Exercise aim → Leave out the pictures and set down the rest of the listing below word for word.

Data shown →
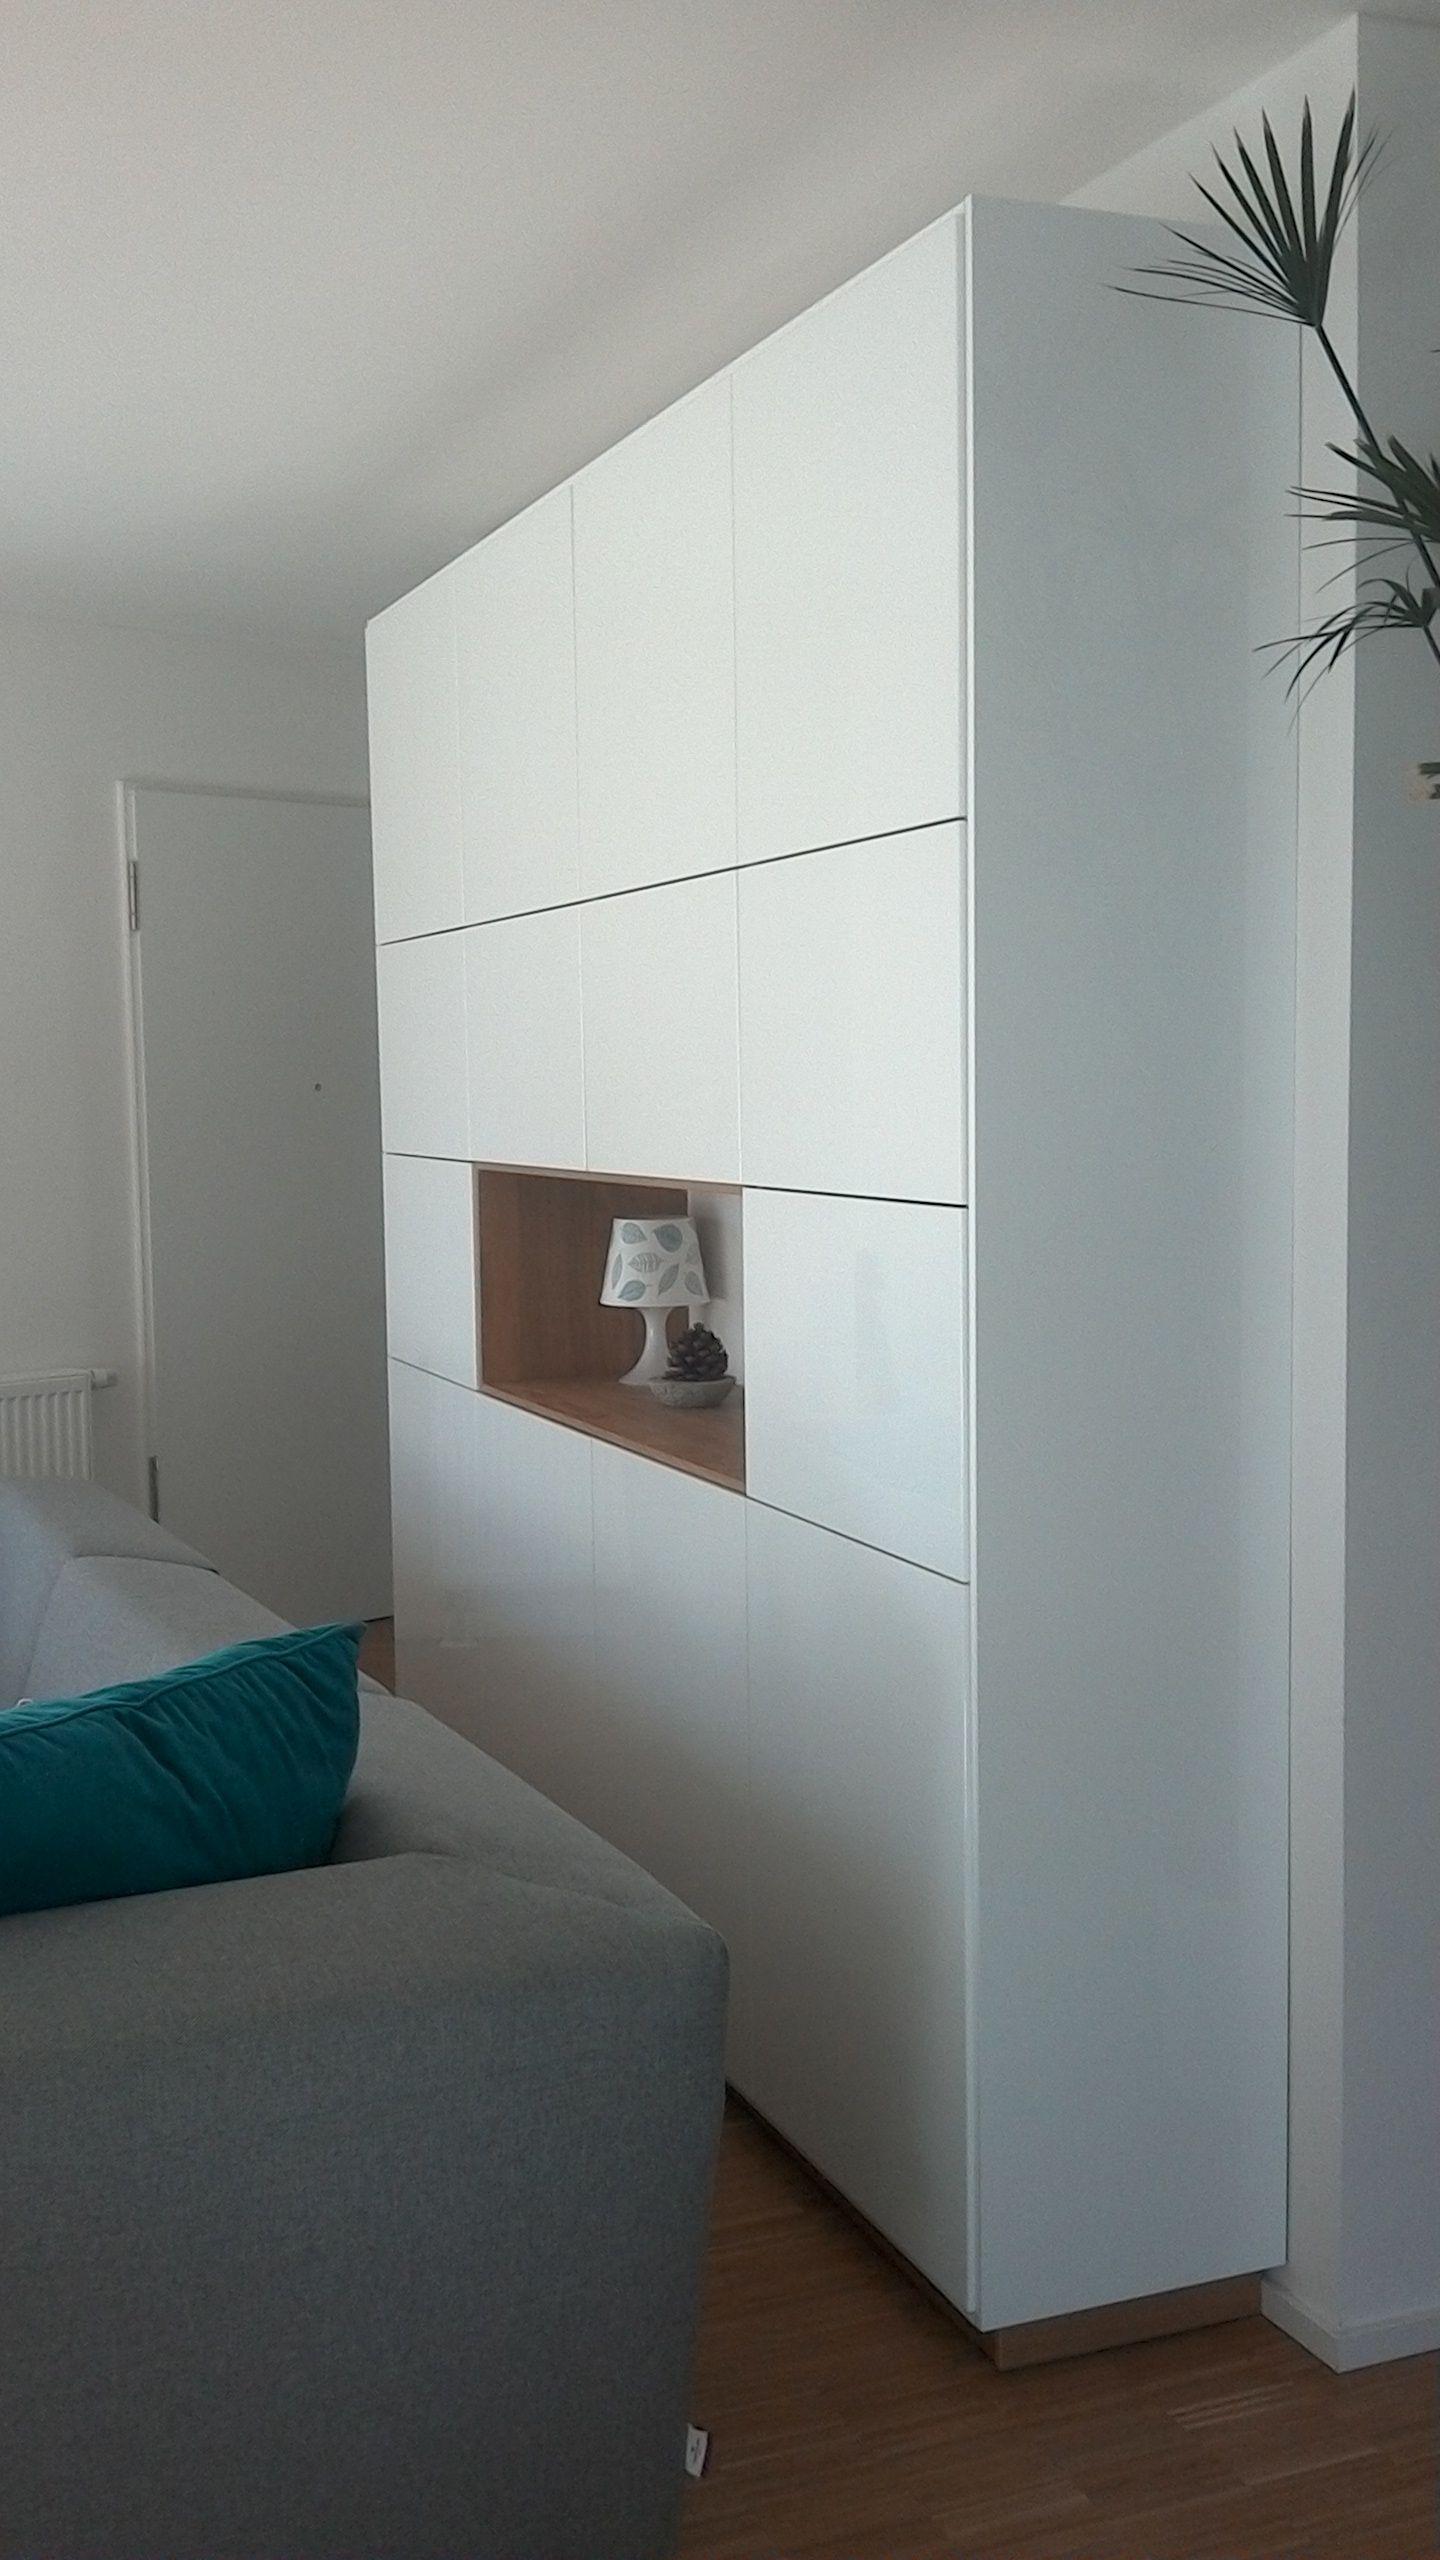 Full Size of Wohnzimmerschränke Ikea Method Ringhult Plus Hyttan Als Wohnzimmerschrank Sofa Mit Schlaffunktion Küche Kaufen Betten Bei Miniküche Modulküche 160x200 Wohnzimmer Wohnzimmerschränke Ikea
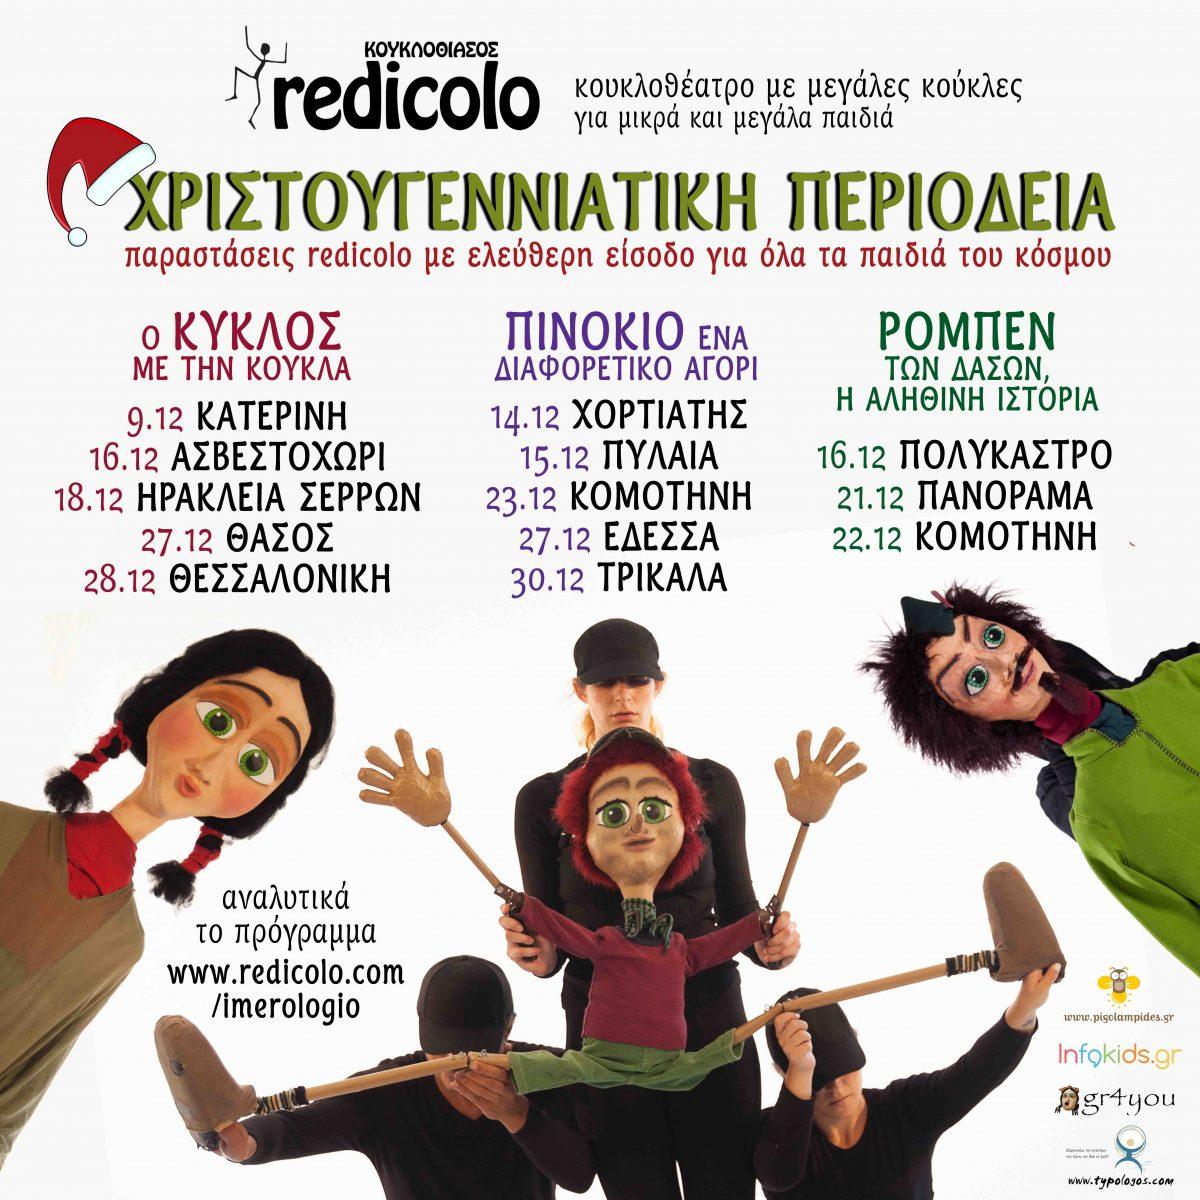 ΧΡΙΣΤΟΥΓΕΝΝΙΑΤΙΚΗ ΠΕΡΙΟΔΕΙΑ REDICOLO 2018 παραστάσεις κουκλοθεάτρου με ελεύθερη είσοδο στη Θεσσαλονίκη και τη Βόρειο Ελλάδα
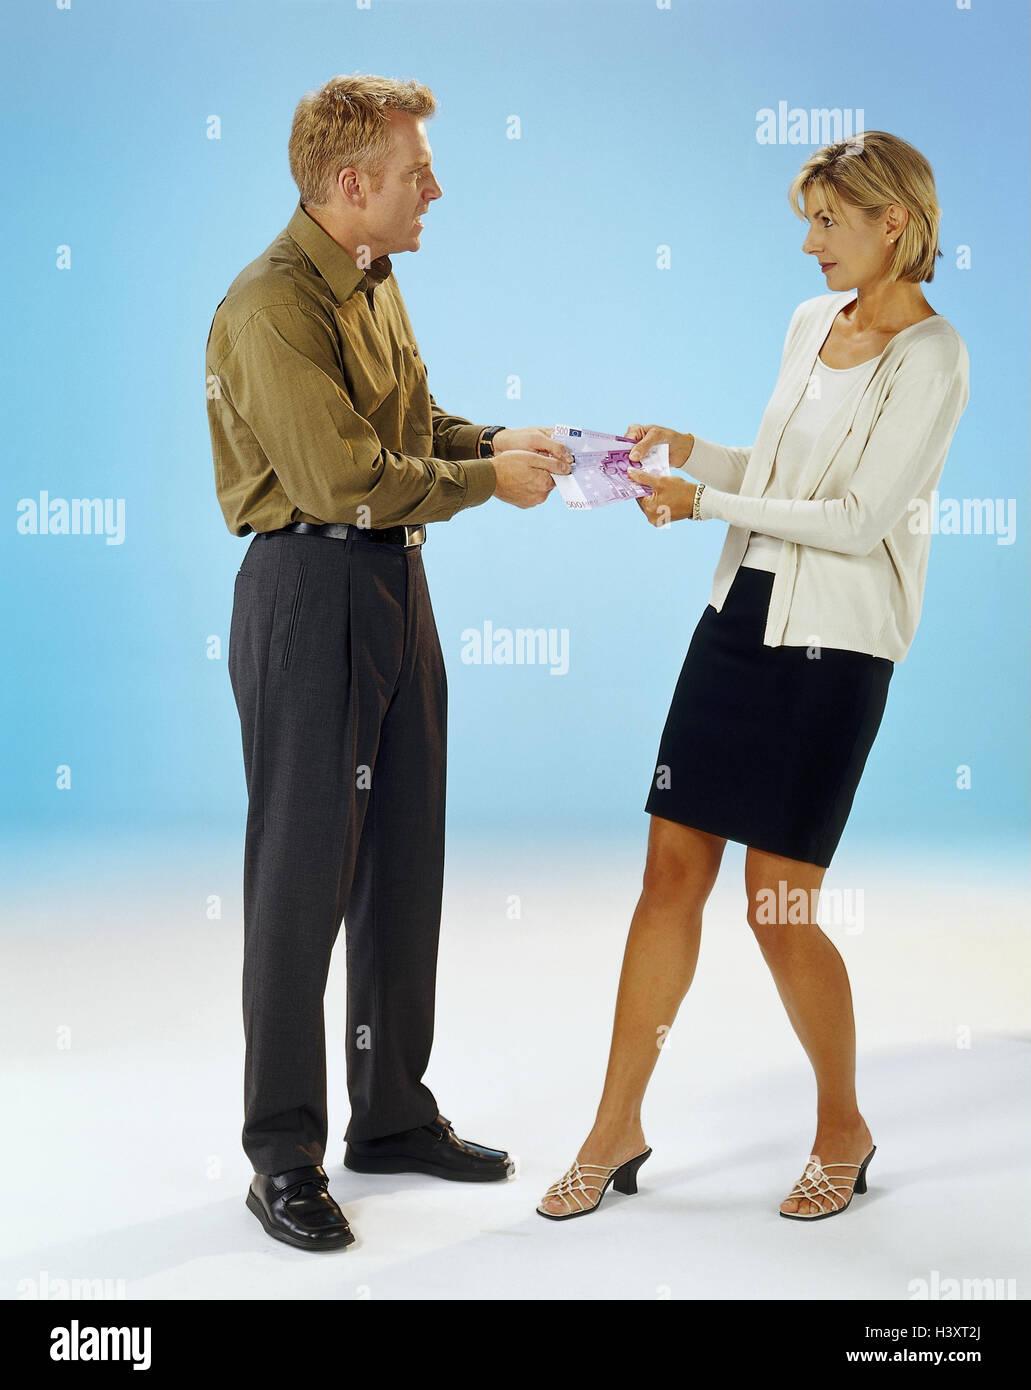 Coppia di sposi e le pulizie denaro, lotta, partenariato, rispetto, giovane, giovani, conflitto, problemi intransigenza, Immagini Stock
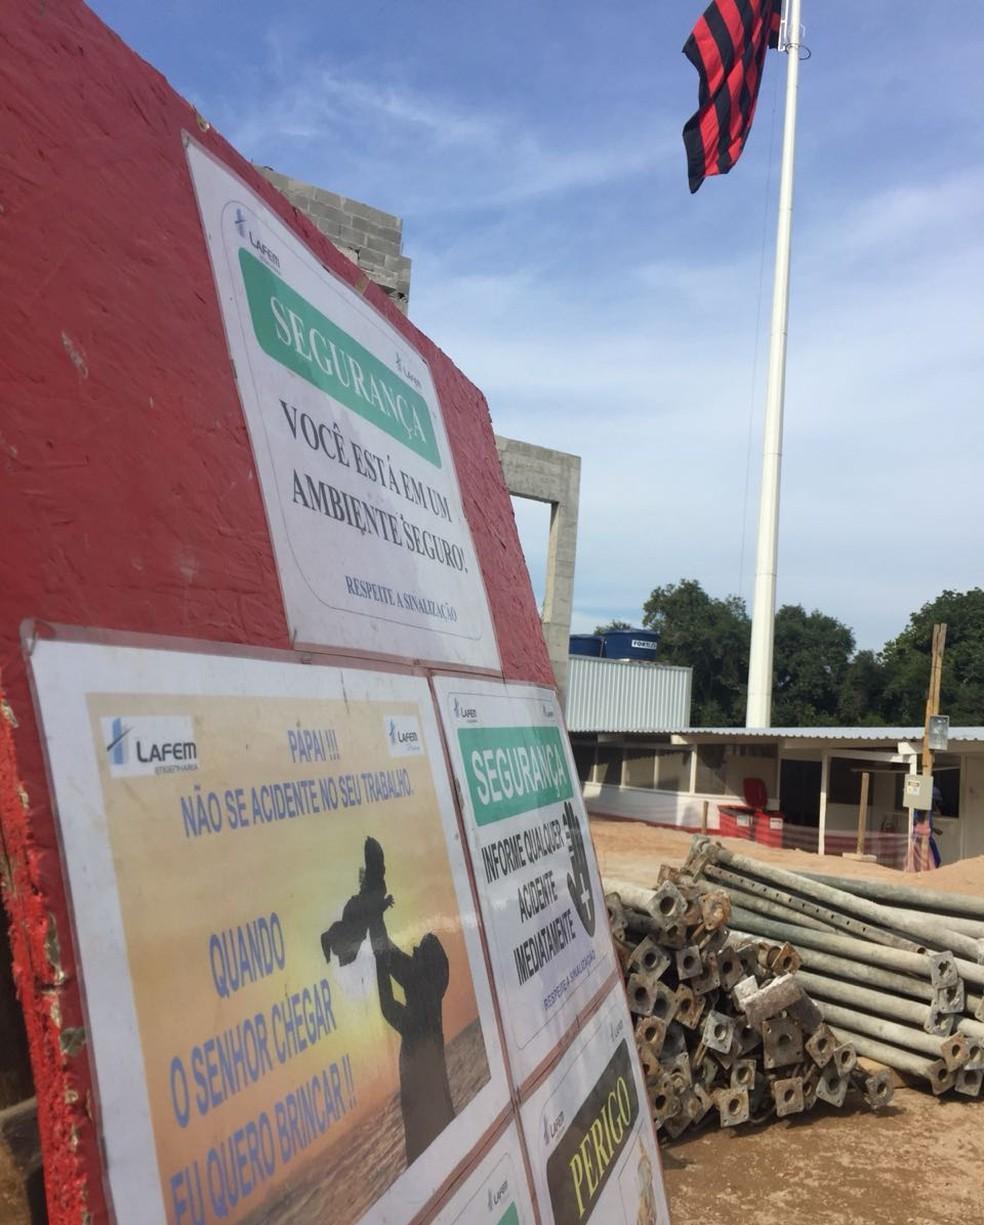 Na entrada da obra, placa alerta para cuidados aos trabalhadores (Foto: Raphael Zarko)

Exercise answer →
 Full Size of Wohnzimmerschränke Ikea Method Ringhult Plus Hyttan Als Wohnzimmerschrank Sofa Mit Schlaffunktion Küche Kaufen Betten Bei Miniküche Modulküche 160x200 Wohnzimmer Wohnzimmerschränke Ikea
 ΧΡΙΣΤΟΥΓΕΝΝΙΑΤΙΚΗ ΠΕΡΙΟΔΕΙΑ REDICOLO 2018 παραστάσεις κουκλοθεάτρου με ελεύθερη είσοδο στη Θεσσαλονίκη και τη Βόρειο Ελλάδα
 Coppia di sposi e le pulizie denaro, lotta, partenariato, rispetto, giovane, giovani, conflitto, problemi intransigenza, Immagini Stock
 Na entrada da obra, placa alerta para cuidados aos trabalhadores (Foto: Raphael Zarko)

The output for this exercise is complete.